Setting Limits

Date: August 14, 2020 l Author: Mariana Caro, LCSW

As caregivers, it is our job to set limits in order to keep kids safe. Oftentimes, the way we set these limits, however, can lead to meltdowns and tension in our relationship with our kids. Instead of simply saying “no” to their requests, which can feel dismissive and sometimes even aggressive, try following Dr. Garry Landreth’s breakdown for limit setting:

1. First we want to connect – validate and name the feeling that they are expressing. This helps calm their brain and body as they feel seen and heard by you
2. Then we set the limit in a non-judgmental way, which communicates the rule clearly
3. Lastly, we give options. This helps kids feel empowered to use their words to get their needs met.

Here are a couple of example limit setting responses you can give your children:

“You really want that toy. These toys are not for stealing. When we get home you can play with a toy from your special box or you and I can play a game together outside.”

“It’s really fun to jump on the bed, but furniture is not for climbing on. You can jump on the floor with me or you can go outside and jump on the trampoline.”

“You’re angry that your brother took your food. People are not for hurting. When you’re angry you can scream into a pillow or go for a run outside.”

Keep in mind that you always want to try to stick to giving your kids two positive choices. Whenever possible, you also want to make one of those choices a relational option that you can do together.

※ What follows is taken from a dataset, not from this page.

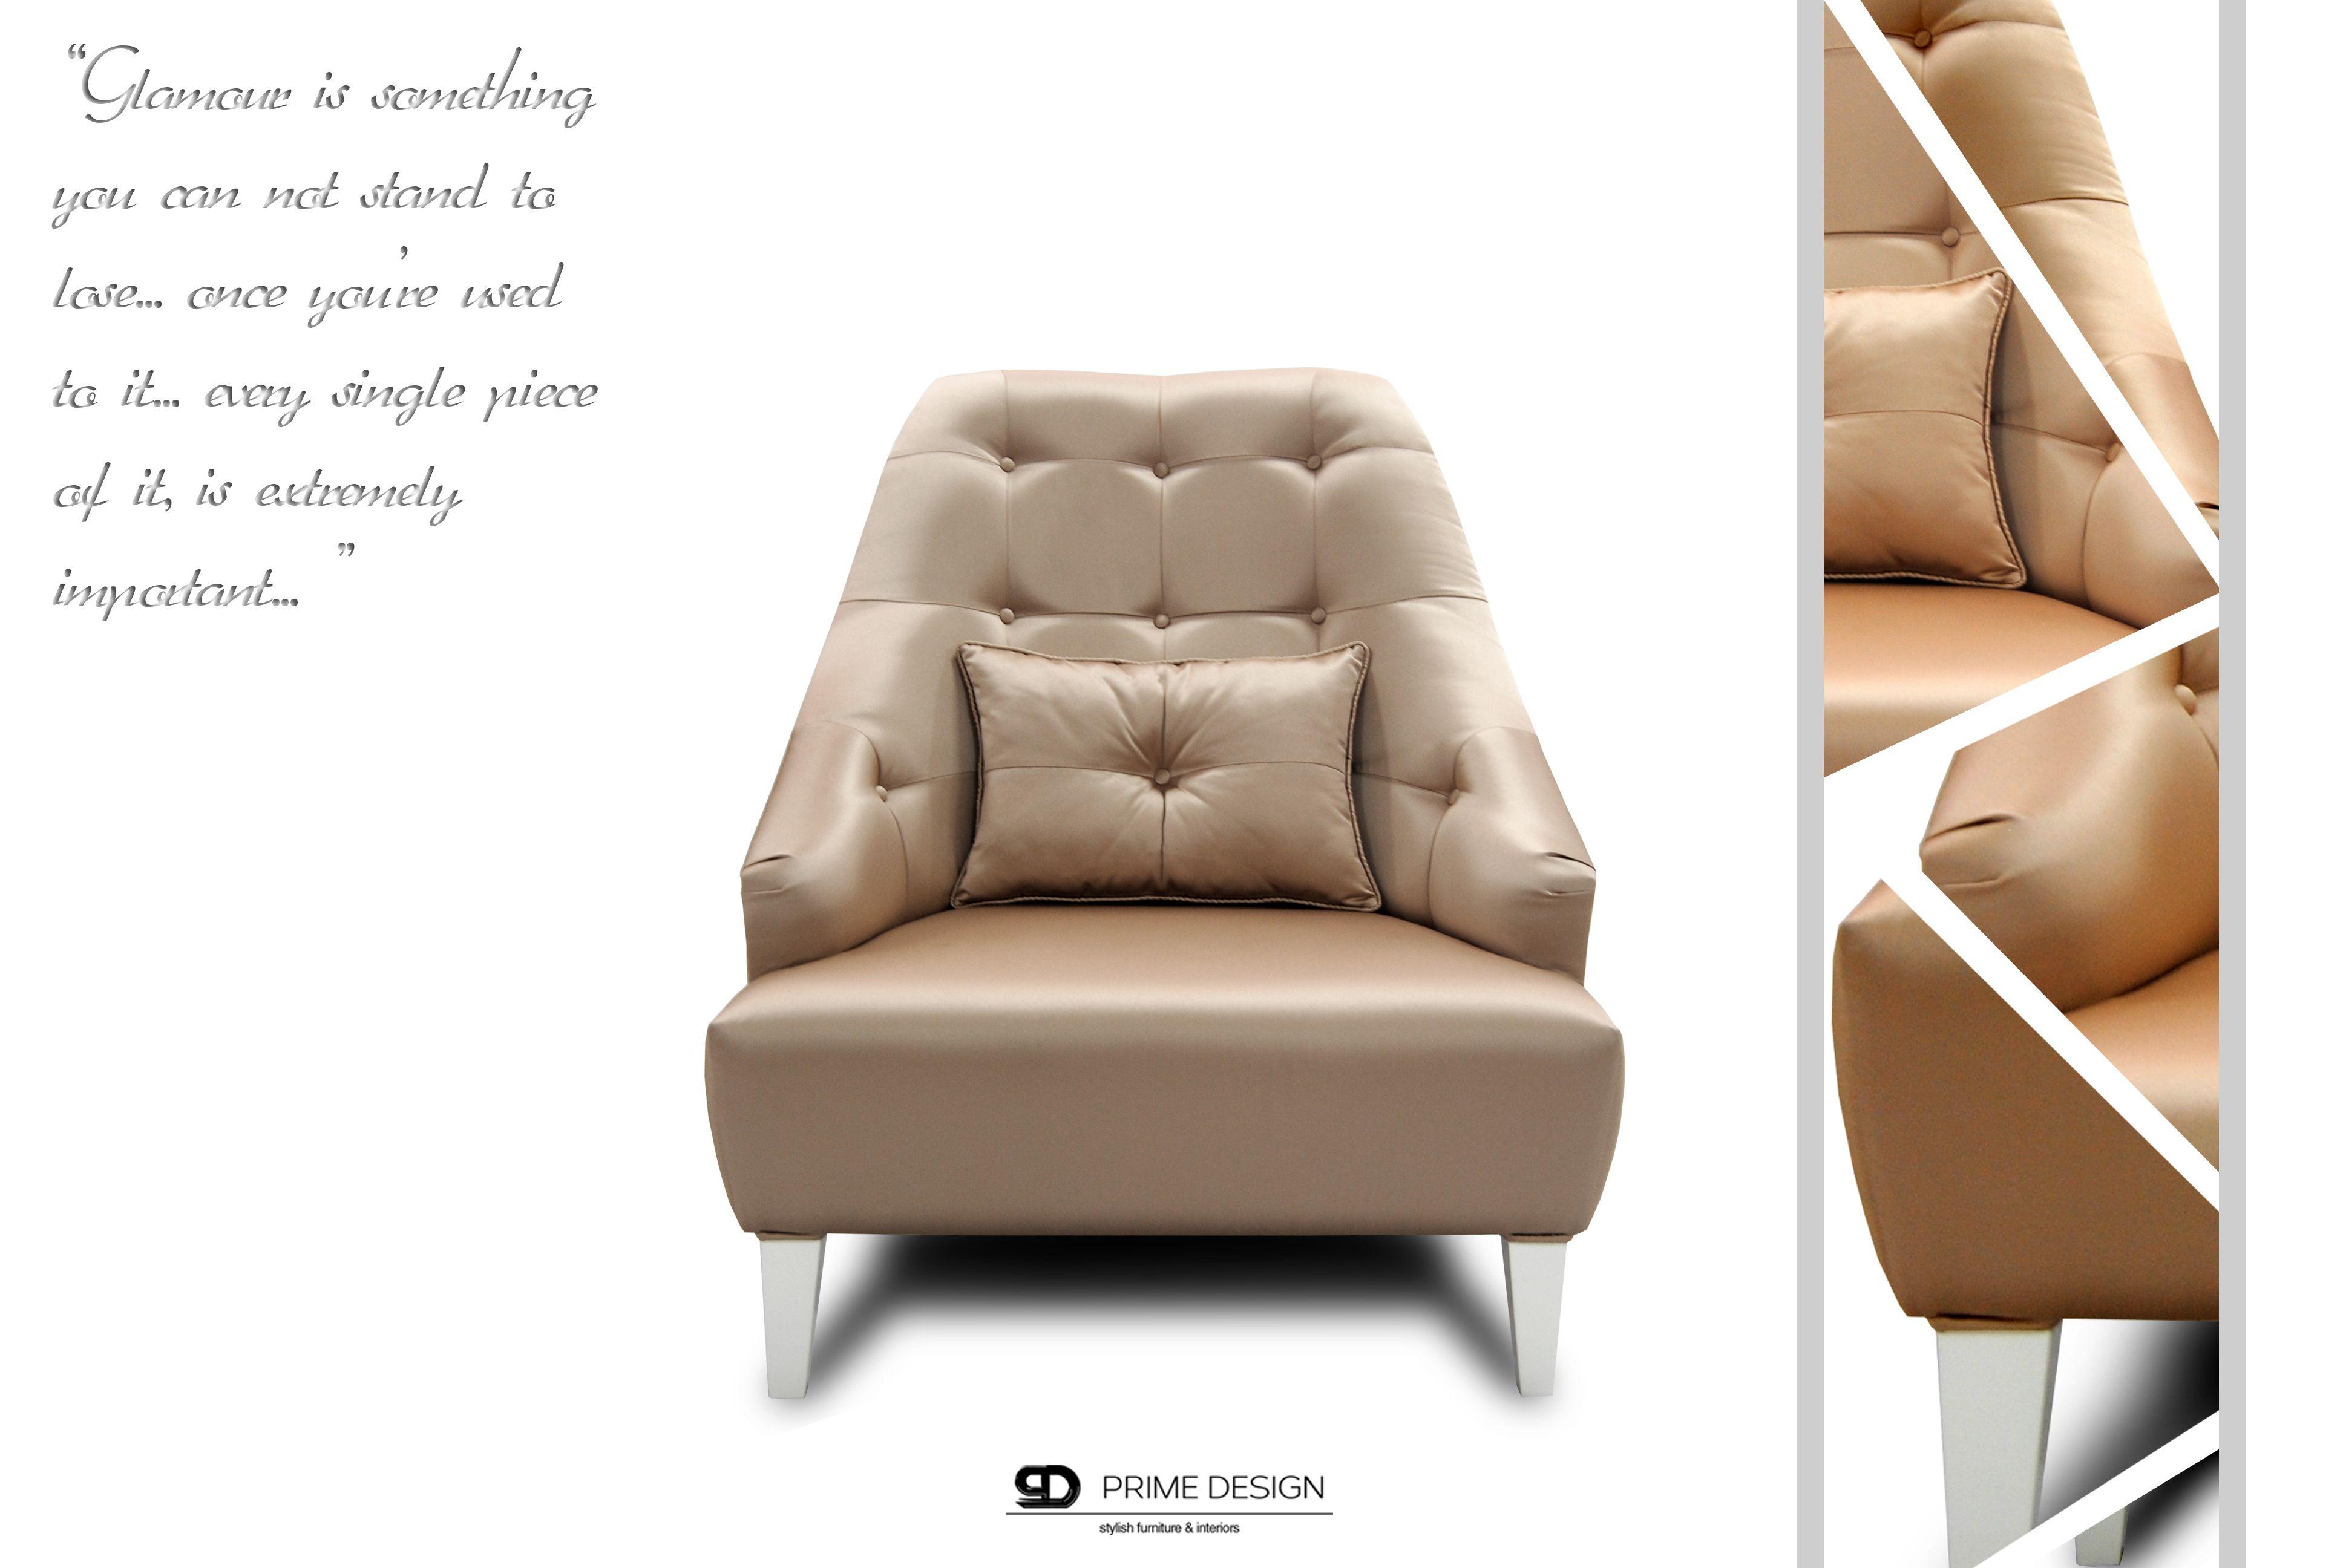 trend decoration 99 home furniture. #prime #passione #luxury #deluxe #product #design #manufacturing #home #Interior #Decor #furniture #contemporary #living #handcrafted #trend # Decoration Trend 99 Home Furniture N

If your child is having a hard time accepting the choices, try a compromise. It might feel like you’re giving in and giving up control, but you’re actually teaching them a valuable lesson in negotiating needs within the context of relationship. Compromises teach them that relationships are not just one-sided, and that in asking them to give up what they want, you are willing to be uncomfortable too and sacrifice for the sake of your relationship.

Following these steps takes practice. Remembering two choices in the heat of the moment can be hard, so I challenge you to take 5 minutes a day to practice setting limits and giving choices for things you know your child most consistently struggles with. The more you practice it, the easier it will become!